WORK TO BE COMPLETED: The required output is all lines below that contain the word "lever".

++++ EXERCISE MATERIAL ++++

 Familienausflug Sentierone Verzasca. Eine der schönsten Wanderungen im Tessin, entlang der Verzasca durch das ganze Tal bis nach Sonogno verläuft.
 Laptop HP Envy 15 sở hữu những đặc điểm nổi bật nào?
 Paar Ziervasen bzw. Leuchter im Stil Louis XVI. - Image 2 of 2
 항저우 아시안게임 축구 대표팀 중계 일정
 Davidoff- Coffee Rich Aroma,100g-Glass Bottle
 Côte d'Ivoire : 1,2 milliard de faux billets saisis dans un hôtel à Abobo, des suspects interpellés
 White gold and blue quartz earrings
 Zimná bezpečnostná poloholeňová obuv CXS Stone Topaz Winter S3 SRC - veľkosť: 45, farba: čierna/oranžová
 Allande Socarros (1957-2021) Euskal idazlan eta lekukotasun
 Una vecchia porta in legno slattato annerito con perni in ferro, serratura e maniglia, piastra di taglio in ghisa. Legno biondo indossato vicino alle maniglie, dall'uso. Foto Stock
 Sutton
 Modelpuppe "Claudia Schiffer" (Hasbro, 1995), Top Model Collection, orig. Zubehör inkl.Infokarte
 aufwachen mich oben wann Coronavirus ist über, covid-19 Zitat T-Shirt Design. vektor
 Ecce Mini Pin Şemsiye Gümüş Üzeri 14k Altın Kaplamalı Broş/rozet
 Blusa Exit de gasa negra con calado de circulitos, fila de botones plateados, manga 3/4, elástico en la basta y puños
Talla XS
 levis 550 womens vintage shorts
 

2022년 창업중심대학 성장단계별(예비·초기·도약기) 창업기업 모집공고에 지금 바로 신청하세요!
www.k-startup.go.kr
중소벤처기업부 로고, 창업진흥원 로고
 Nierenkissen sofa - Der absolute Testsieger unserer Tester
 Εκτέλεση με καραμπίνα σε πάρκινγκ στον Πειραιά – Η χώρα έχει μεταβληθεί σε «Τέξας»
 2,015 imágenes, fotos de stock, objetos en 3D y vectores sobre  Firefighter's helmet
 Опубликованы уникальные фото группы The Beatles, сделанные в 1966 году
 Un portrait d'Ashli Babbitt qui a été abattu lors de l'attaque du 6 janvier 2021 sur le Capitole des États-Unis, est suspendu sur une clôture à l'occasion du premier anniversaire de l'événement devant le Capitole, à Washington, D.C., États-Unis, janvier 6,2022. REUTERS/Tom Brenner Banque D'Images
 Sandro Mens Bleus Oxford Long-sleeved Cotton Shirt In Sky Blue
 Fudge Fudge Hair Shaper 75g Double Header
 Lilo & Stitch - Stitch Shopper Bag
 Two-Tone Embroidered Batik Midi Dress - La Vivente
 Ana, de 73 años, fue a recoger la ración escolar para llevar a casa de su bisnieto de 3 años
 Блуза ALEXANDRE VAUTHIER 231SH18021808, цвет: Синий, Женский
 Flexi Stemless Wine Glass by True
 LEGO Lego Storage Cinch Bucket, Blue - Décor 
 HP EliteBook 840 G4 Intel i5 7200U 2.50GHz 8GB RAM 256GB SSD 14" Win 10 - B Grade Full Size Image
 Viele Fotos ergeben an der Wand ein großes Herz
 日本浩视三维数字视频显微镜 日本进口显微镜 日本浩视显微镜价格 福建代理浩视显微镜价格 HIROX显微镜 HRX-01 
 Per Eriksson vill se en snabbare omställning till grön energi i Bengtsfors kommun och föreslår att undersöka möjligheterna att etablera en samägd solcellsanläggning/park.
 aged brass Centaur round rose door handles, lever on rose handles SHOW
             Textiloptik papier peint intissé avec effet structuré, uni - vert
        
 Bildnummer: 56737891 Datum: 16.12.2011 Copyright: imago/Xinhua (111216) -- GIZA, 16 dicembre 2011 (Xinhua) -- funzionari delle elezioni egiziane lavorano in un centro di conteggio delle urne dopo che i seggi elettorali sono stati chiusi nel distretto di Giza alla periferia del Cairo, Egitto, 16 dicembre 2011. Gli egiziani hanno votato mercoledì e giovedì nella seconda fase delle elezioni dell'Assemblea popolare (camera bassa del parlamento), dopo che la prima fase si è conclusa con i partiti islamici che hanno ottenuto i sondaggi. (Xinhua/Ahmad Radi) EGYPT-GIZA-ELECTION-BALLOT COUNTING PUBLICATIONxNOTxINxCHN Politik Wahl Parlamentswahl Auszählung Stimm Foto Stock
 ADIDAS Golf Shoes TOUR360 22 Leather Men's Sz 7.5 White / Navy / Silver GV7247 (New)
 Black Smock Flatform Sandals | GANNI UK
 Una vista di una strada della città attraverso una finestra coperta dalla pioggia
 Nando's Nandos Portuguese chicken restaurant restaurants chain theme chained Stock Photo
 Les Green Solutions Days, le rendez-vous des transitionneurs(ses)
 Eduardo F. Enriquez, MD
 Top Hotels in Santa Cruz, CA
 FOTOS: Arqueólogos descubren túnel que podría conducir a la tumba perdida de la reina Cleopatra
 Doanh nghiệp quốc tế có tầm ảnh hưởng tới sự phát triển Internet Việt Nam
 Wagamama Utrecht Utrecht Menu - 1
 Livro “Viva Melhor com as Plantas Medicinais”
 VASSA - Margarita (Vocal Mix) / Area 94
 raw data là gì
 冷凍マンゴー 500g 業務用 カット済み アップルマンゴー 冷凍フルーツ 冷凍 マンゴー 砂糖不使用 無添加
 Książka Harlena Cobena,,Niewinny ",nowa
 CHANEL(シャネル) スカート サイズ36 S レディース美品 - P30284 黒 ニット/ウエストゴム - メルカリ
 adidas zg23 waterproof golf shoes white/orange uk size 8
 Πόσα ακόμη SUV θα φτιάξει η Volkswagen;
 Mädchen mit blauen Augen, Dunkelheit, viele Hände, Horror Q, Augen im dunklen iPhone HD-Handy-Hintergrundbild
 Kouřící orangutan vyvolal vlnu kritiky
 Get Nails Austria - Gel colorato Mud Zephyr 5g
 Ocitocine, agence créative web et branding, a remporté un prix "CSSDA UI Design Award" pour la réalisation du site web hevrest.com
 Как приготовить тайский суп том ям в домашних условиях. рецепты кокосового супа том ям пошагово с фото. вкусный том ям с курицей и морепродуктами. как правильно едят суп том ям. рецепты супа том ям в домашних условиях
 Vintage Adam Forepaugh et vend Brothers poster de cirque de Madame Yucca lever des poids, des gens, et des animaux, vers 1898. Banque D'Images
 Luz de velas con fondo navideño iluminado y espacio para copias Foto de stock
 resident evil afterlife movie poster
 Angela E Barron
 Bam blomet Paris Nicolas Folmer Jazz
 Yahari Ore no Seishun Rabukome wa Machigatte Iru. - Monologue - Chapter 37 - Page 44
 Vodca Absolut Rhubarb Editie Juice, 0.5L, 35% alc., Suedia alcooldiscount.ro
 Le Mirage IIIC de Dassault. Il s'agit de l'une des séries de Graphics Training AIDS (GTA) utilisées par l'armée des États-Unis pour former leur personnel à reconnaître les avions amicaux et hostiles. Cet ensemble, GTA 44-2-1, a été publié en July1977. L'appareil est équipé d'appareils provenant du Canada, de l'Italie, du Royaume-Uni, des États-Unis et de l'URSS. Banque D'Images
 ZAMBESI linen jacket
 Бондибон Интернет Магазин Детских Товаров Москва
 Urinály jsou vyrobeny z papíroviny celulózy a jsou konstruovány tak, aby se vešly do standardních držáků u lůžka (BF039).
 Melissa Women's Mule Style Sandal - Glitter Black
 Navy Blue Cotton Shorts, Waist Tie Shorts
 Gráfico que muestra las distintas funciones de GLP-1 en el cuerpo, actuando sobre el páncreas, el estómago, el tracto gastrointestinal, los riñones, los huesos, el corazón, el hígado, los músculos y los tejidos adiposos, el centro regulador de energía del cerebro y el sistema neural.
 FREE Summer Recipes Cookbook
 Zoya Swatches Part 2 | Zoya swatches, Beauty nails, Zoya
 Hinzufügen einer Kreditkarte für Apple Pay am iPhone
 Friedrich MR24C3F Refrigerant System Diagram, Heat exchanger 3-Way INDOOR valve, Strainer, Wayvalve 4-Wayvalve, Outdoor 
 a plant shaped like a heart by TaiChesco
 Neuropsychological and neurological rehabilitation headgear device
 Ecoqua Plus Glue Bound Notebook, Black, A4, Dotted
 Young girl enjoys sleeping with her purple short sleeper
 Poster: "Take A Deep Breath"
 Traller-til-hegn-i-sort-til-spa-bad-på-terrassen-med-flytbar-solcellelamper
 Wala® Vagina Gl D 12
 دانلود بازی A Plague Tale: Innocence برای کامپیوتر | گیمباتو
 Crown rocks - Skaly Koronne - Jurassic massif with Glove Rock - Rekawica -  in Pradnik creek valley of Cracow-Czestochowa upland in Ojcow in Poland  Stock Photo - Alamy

++++

ANSWER SECTION:
 aged brass Centaur round rose door handles, lever on rose handles SHOW
 Vintage Adam Forepaugh et vend Brothers poster de cirque de Madame Yucca lever des poids, des gens, et des animaux, vers 1898. Banque D'Images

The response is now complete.